Huh? So basically she gets to disrespect you, keep disrespecting you, but you standing up for yourself is further damaging the relationship?:banghead:

Its damaged beyond repair. She will not want to give up taboo sex with someone who isn't her husband. You need to DO SOMETHING ABOUT THIS!


----------



## Beowulf (Dec 7, 2011)

Dexter Morgan said:


> Huh? So basically she gets to disrespect you, keep disrespecting you, but you standing up for yourself is further damaging the relationship?:banghead:
> 
> Its damaged beyond repair. She will not want to give up taboo sex with someone who isn't her husband. You need to DO SOMETHING ABOUT THIS!


He is doing something about it. He posted here so he can not take some very good advice.


----------



## Dexter Morgan (Dec 8, 2011)

Beowulf said:


> He is doing something about it. He posted here so he can not take some very good advice.


No, he isn't. Unless you consider doing something is him coddling her and walking on eggshells because he is afraid of what she will do. She is in control.


----------



## sinnister (Dec 5, 2010)

Dexter Morgan said:


> No, he isn't. Unless you consider doing something is him coddling her and walking on eggshells because he is afraid of what she will do. She is in control.





Beowulf said:


> He is doing something about it.
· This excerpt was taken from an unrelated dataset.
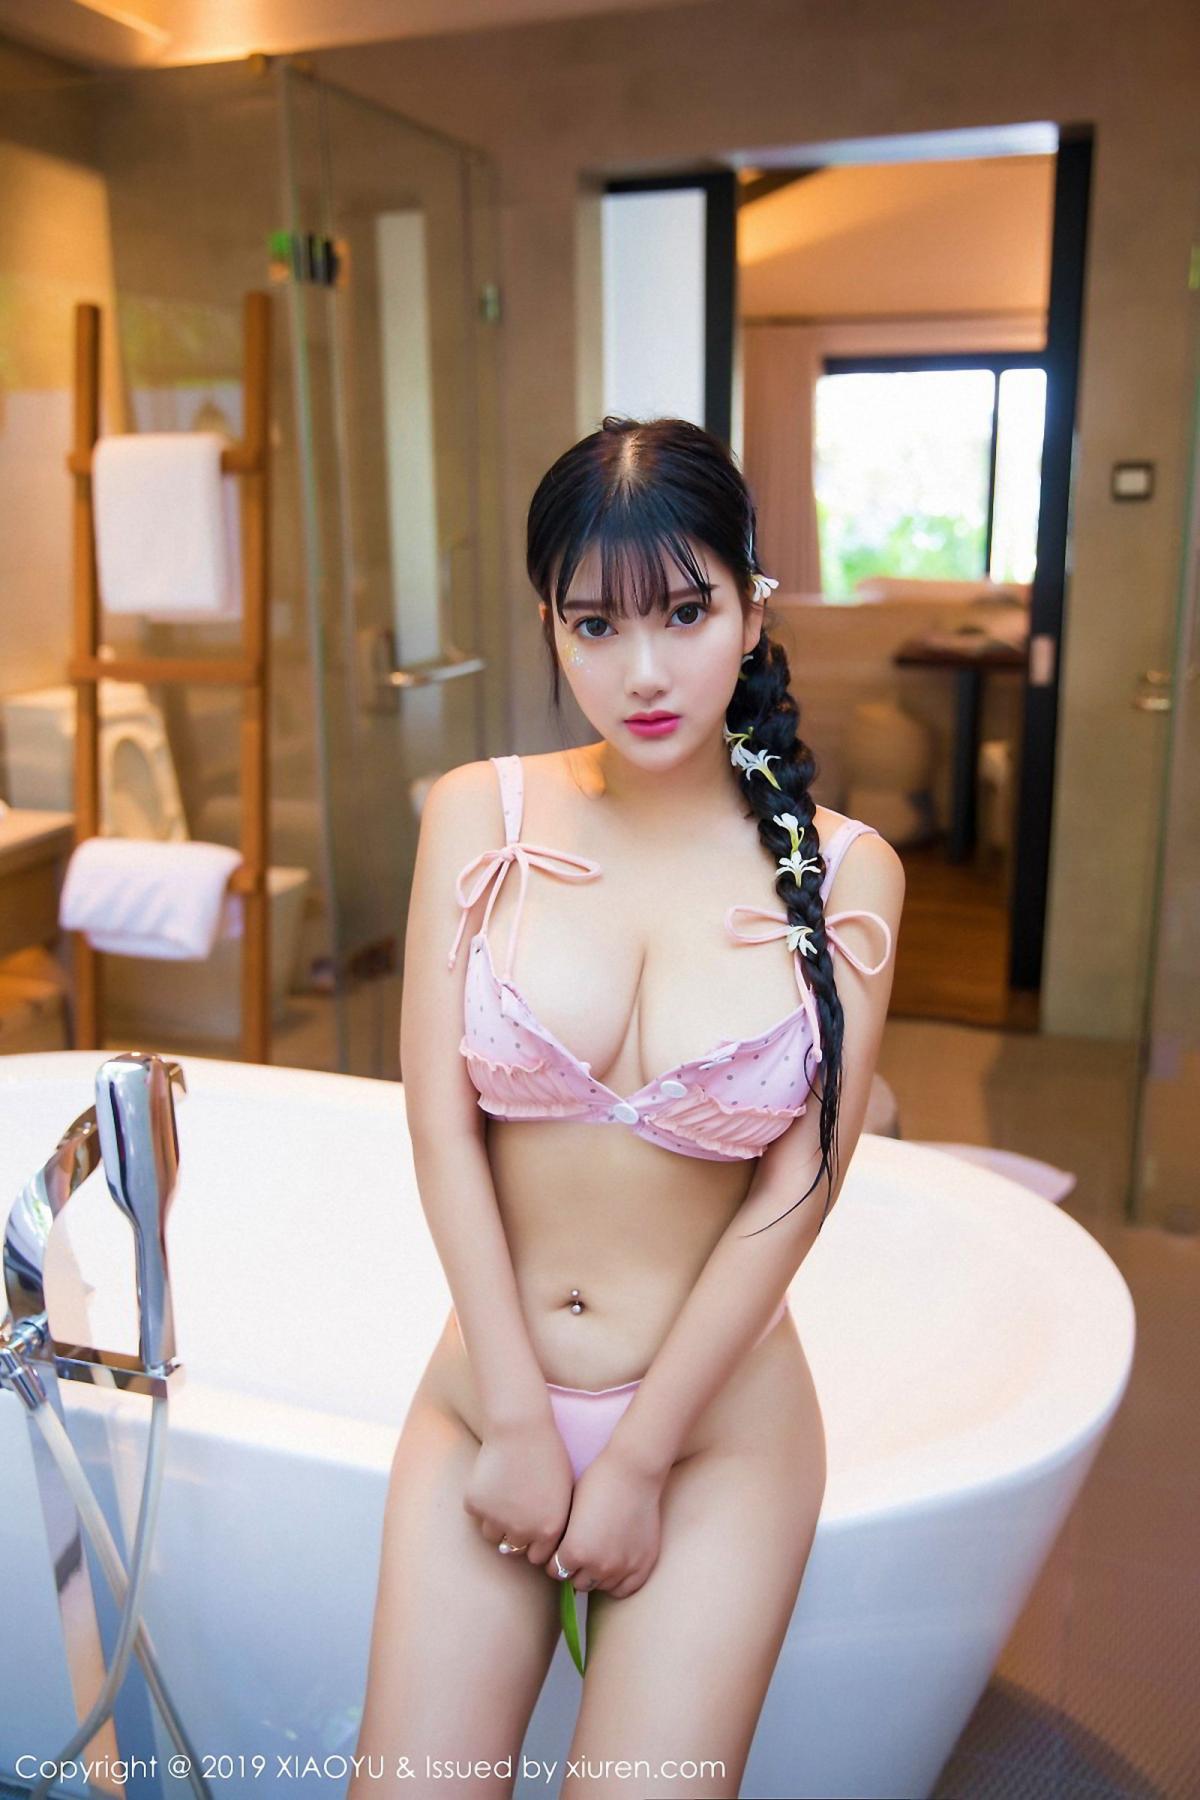 [XiaoYu] Vol.029 Lu Lu Xiao Miao 39P, Bikini, Lu Lu Xiao Miao, Wet, XiaoYu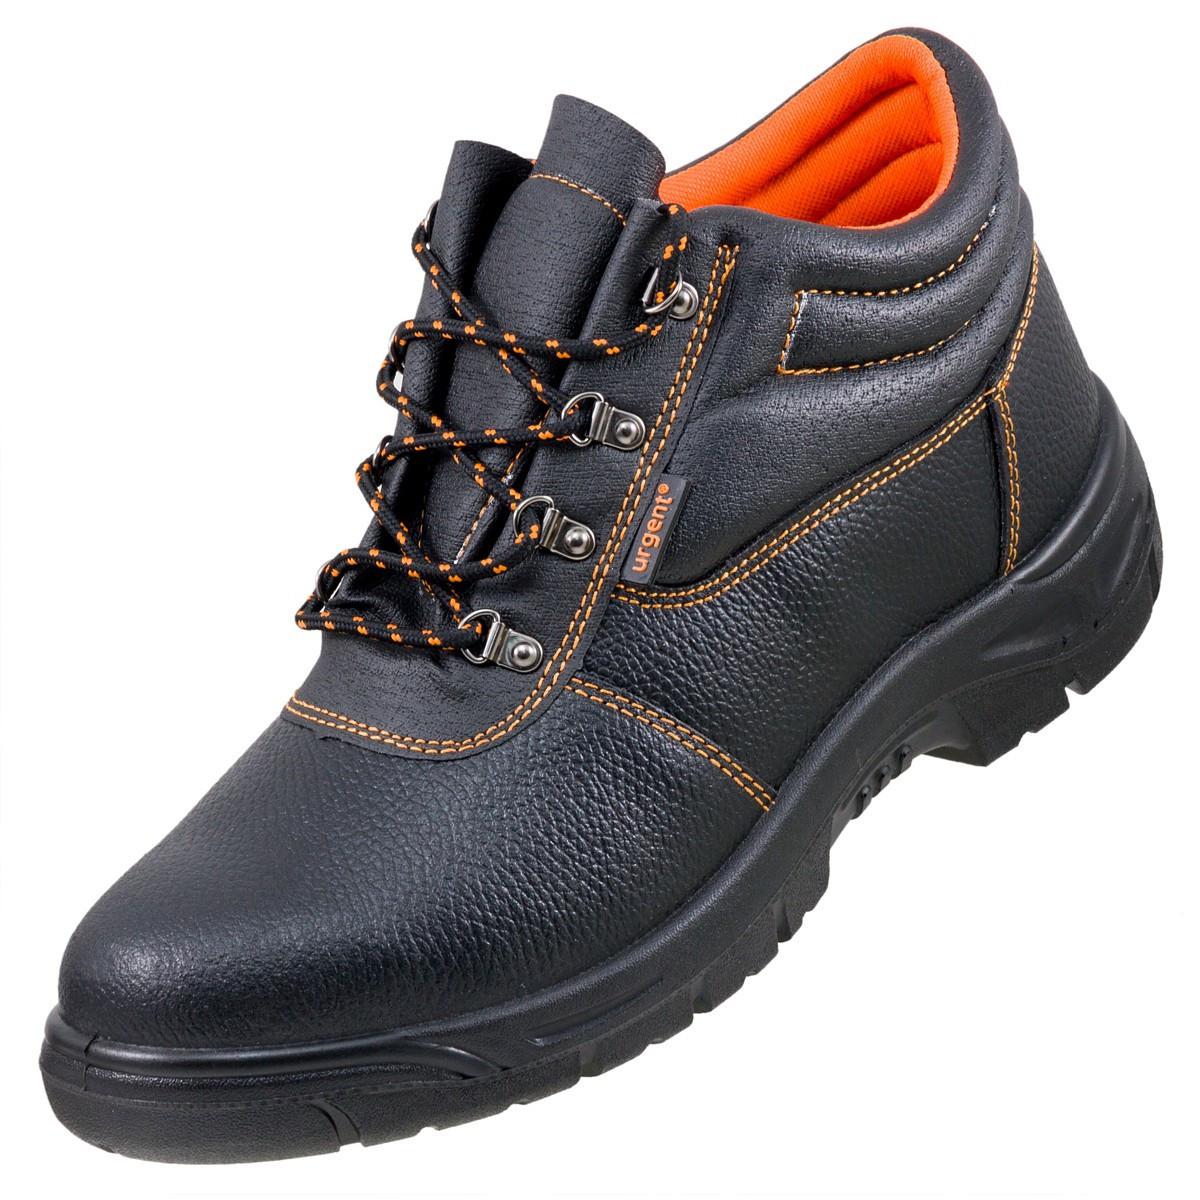 Ботинки 101 SB MAX с металлическим носком,антистатические, большие размеры URGENT (POLAND)

He posted here so he can* not *take some very good advice.


DM I think you missed the NOT part of Beowulfs post.


----------



## Speed (Dec 9, 2011)

So, in your mind, they are no longer having sex and that makes it alright?

How about this... realize that when you were sitting and having lunch with this "friend" he was running back the highlights of banging your wife. That's right, as you were sipping your pretty pink girly beta drink, he was imagining rocking it and looking forward to the next time.

Not so easy to rug sweep it anymore, eh?


----------



## Thorburn (Nov 23, 2011)

legodog said:


> I guess I'm afraid that going scorched earth on her will only further damage our relationship. She has depression issues, and I think this will also cause her to have more serious problems.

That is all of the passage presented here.